43 - ENREGISTREMENT - FONDS DE COMMERCE

Suite à l'arrêt de la Cour de cassation du 12-12-95 qui considérait que la commission d'agence à l'occasion d'une cession de fonds de commerce contractuellement mise à la charge de l'acquéreur ne constituait pas une charge augmentative de prix, la réponse précise que " la doctrine administrative considère que la commission de l'intermédiaire mandataire du vendeur présente le caractère d'une charge augmentative du prix lorsqu'elle est payée par l'acquéreur. Cette solution demeure en vigueur à ce jour. Cela étant, compte tenu de la décision de la Cour de cassation évoquée, une nouvelle réflexion sur ce sujet est actuellement en cours ".
RM, 16-09-96, n° 36594.
J.C.P. éd.N., n° 40, 04-10-96, La semaine en bref, p. 1376.

44 - IMMOBILISATION INCORPORELLE - AMORTISSEMENT.

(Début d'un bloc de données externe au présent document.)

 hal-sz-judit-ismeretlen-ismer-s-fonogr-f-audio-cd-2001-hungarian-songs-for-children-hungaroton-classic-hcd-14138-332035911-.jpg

Dans une réponse ministérielle récente l'Administration confirme sa doctrine traditionnelle en s'opposant à l'amortissement de telles immobilisations. Elle n'y déroge que dans la mesure où dès leur acquisition il est prévisible que les effets bénéfiques de cette immobilisation sur l'exploitation prendrait fin à une date déterminée. Cette position est contraire à la jurisprudence récente de la CAA de Paris contre laquelle l'Administration s'est pourvue en cassation et qui, si elle devait se généraliser, se traduirait à terme par l'amortissement des fonds de commerce, amortissement que l'Administration estime insupportable budgétairement.
RM Blum, 30-09-96.
Feuillet rapide, 51/96, p. 3.

45 - ORGANISME SANS BUT LUCRATIF - TVA - IS.

Chronique dans laquelle sont analysés les critères retenus pour la détermination des champs d'application de la TVA et de l'IS. Contrairement à la position de l'Administration et à une partie de la doctrine, l'auteur démontre que les conditions d'exonération à la TVA et à l'IS, ou les critères d'assujettissement à ces impôts ne sont pas strictement identiques.
L'auteur distingue le critère de l'utilité sociale, du caractère social des organismes ou des prestations ; le premier participe à la qualification de la non lucrativité alors que le second est une condition d'exonération à la TVA.
En conclusion une association peut être exonérée d'IS tout en étant assujettie à la TVA.
T. Guillois.
Droit Fiscal, 40/96, chronique, p. 1208 à 1212.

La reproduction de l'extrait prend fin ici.